This quote sheds light on why I am falling in love with culture, art, and history. It also explains why I am falling in love with food again, too. Cooking is another way we engage with God's creation. We take all the edible things God has given and put them together in creative ways to make nutritious, delicious, and even beautiful meals. We had to cook two prime ribs the other day. (Two prime ribs? I know. It's a long story.) So we made one prime rib for dinner and served it to our guests. But we still had another prime rib in the fridge that really needed to be cooked before it spoiled. It is quite a lot of trouble to cook a prime rib just right, so a friend suggested I put the second prime rib in the crock pot. I told her I would never be able to live with myself if I did such a thing! It's prime rib! I was just kidding, of course, but I did feel a sense of satisfaction taking two lovely pieces of meat and preparing them in ways that made all its best qualities come out.
"If ministers don’t yet see business as a way of making culture and of cultivating creation, they will fail to support, appreciate, and properly lead many members of their congregation."
When my husband was called away from the ministry and into the business world, we quickly gained a new perspective on what churches expect from normal members who aren't in the ministry. It was much harder to maintain work, marriage, family, home, community, and church involvement than we ever imagined.
"We are not to choose jobs and conduct our work to fulfill ourselves and accrue power, for being called by God to do something is empowering enough. We are to see work as a way of service to God and our neighbor, and so we should both choose and conduct our work in accordance with that purpose. The question regarding our choice of work is no longer “What will make me the most money and give me the most status?” The question must now be “How, with my existing abilities and opportunities, can I be of greatest service to other people, knowing what I do of God’s will and of human need?”
This quote encourages me. Luckily, my husband's calling (job) provide him with enough money to provide for us. So I am free to just take the job I feel called to and use my gifts to bless the people without regard to how much I make. This country is dying from poor health. I get to be a part, perhaps just a very small part, but a part of the solution.

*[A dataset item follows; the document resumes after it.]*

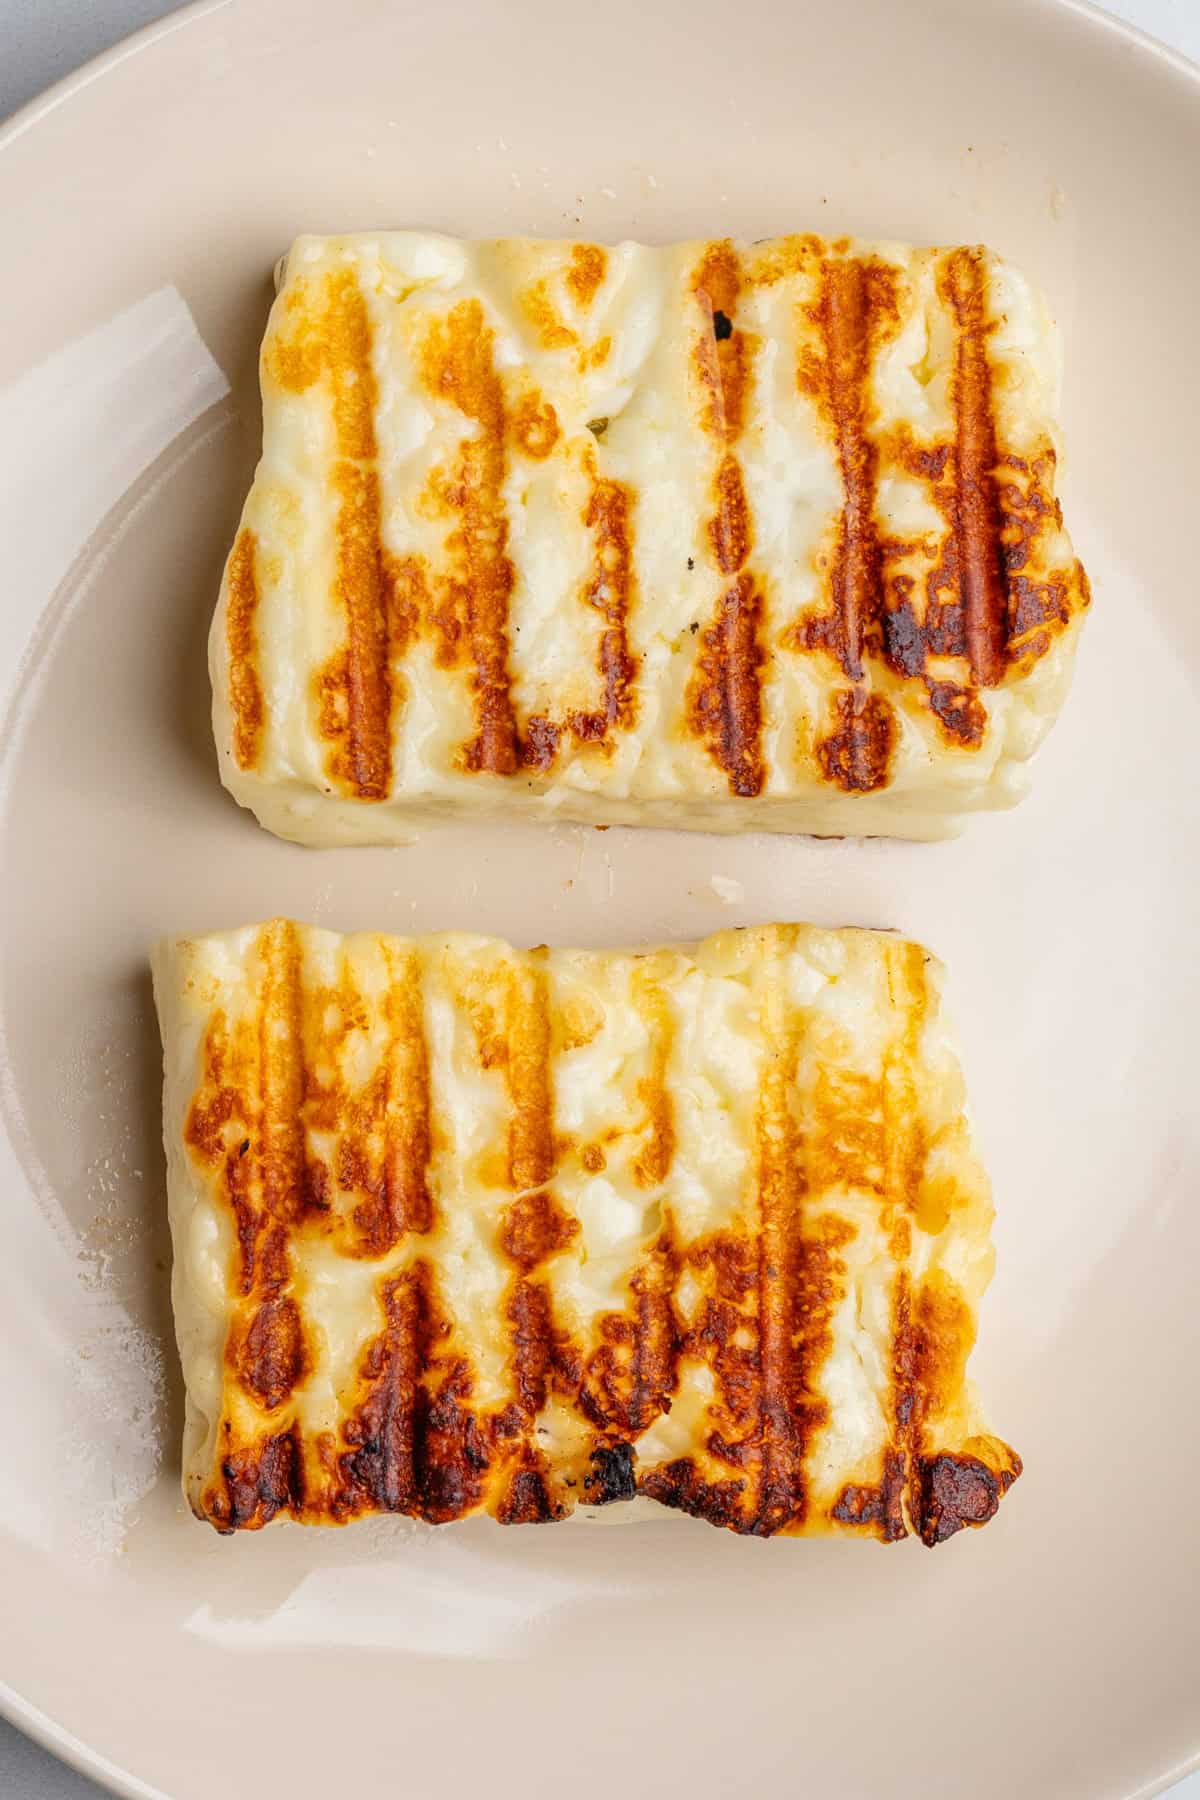 Two pieces of halloumi grilled

"The church’s approach to an intelligent carpenter is usually confined to exhorting him to not be drunk and disorderly in his leisure hours and to come to church on Sundays. What the church should be telling him is this: that the very first demand that his religion makes upon him is that he should make good tables."
This is another Sayers quote that I have read and liked before. If I am not mistaken, it is found in The Lost Tools of Learning. Sometimes I feel a guilty for spending my free time preparing my music, organizing notes for my fitness classes, creating choreography, etc., but then I remember that I am honoring the Lord by being as excellent as possible at what I do. Then I don't feel guilty. I just feel free to do what I am called to do.
"Your work is your prayer." -Lutheran leader and businessman William Diehl
"...the very first way to be sure you are serving God in your work is to be competent."
And another quote I just loved from this book is actually attributed to Eric Liddell's father,
“You can praise the Lord by peeling a spud, if you peel it to perfection.”
"Thorns and food... Work will be both frustrating and fulfilling, and sometimes— just often enough— human work gives us a glimpse of the beauty and genius that might have been the routine characteristic of all our work, and what, by the grace of God, it will be again in the new heavens and new earth."
"Properly understood, the doctrine of sin means that believers are never as good as our true worldview should make us. Similarly, the doctrine of grace means that unbelievers are never as messed up as their false worldview should make them."
I have often felt so thankful for the work of community leaders, regardless of their faith or non-faith. Of course, I care about their souls, but it isn't like I believe they have to be Christians to do any good. And it isn't like all Christians always do good, either.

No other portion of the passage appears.